L'exposition de Jean-Christophe Ammann au Centre Culturel Suisse (jusqu'au 18 juillet) est un émerveillement. C'est une grâce d'aller voir une exposition dont on sort nourri, pour des jours, jusqu'à ce qu'on ait envie d'y retourner. Le premier enchantement, les dessins d'Elly Strick. Voilà longtemps que je n'ai pas découvert dans un lieu d'art un ensemble aussi mystérieux et cohérent, esthétique et profond, aussi modeste qu'époustouflant.

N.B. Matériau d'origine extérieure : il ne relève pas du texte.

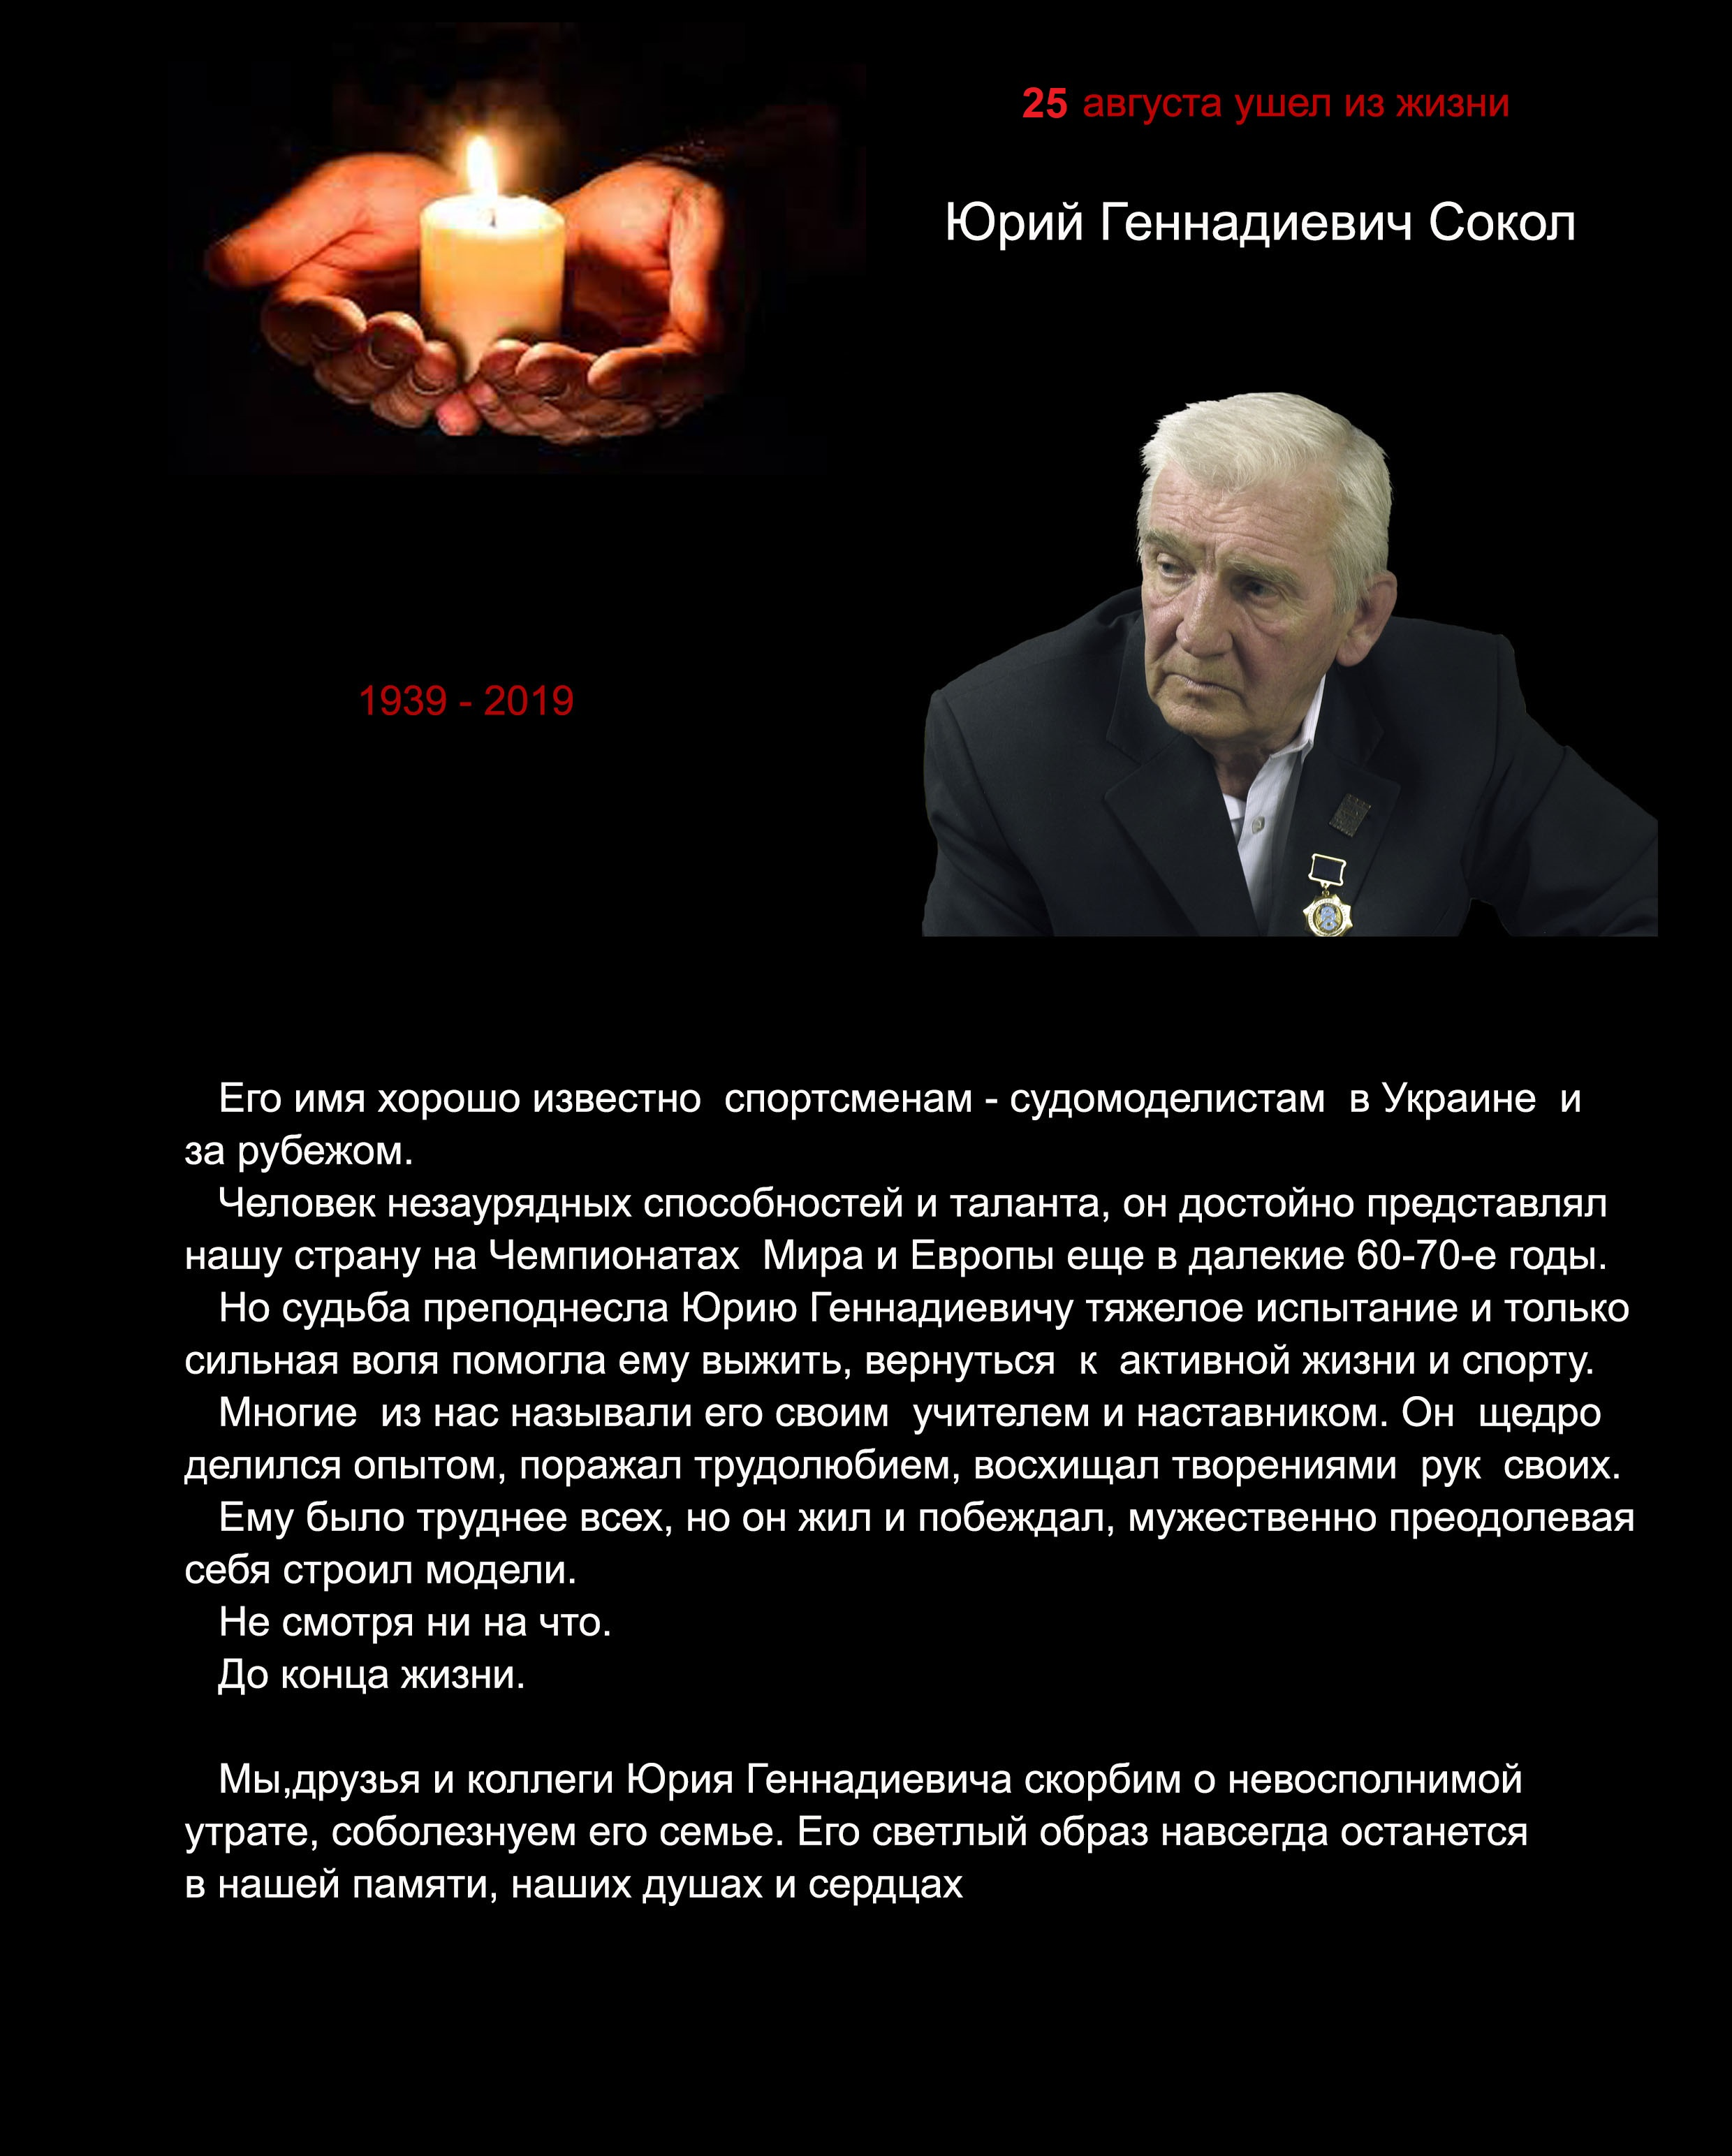 sokol_nekrolog

Du Suisse Christoph Wachter, Ammann présente une série de dessins minuscules, noirs, puissamment érotiques et "justes". Le format minuscule, dit Ammann, est la conséquence d’une tension entre le faire et la culpabilité de l’avoir fait; il est aussi, pour le spectateur, une discrétion, une solitude, un appel au regard de près, dans le silence, l'absence de partage avec un autre regardeur.
Jean-Christophe Ammann, dans son exposition A rebours - à rebours notamment de la tendance qui veut des exposition thématiques et toujours politiquement correctes ou, au mieux, correctement incorrectes - A rebours nous parles du corps, ce corps qui est le seul endroit ou chacun de nous vit tous les jours... Notre corps, cette essence même de l’art, mémoire collective de l’art occidental.
Selon Ammann, "le corps - le corps nu - est l’élément fondateur de l’art occidental" et, au coeur du corps, "la colonne vertébrale, c'est la poésie". Une affirmation que ne démentiraient ni Paul Ardenne, à l'origine du concept de corpopoétique, ni Richard Shusterman, à l'origine de celui de somaesthétique. Ardenne nous invite à revenir au corps - à une poétique du corps, une corpopoétique.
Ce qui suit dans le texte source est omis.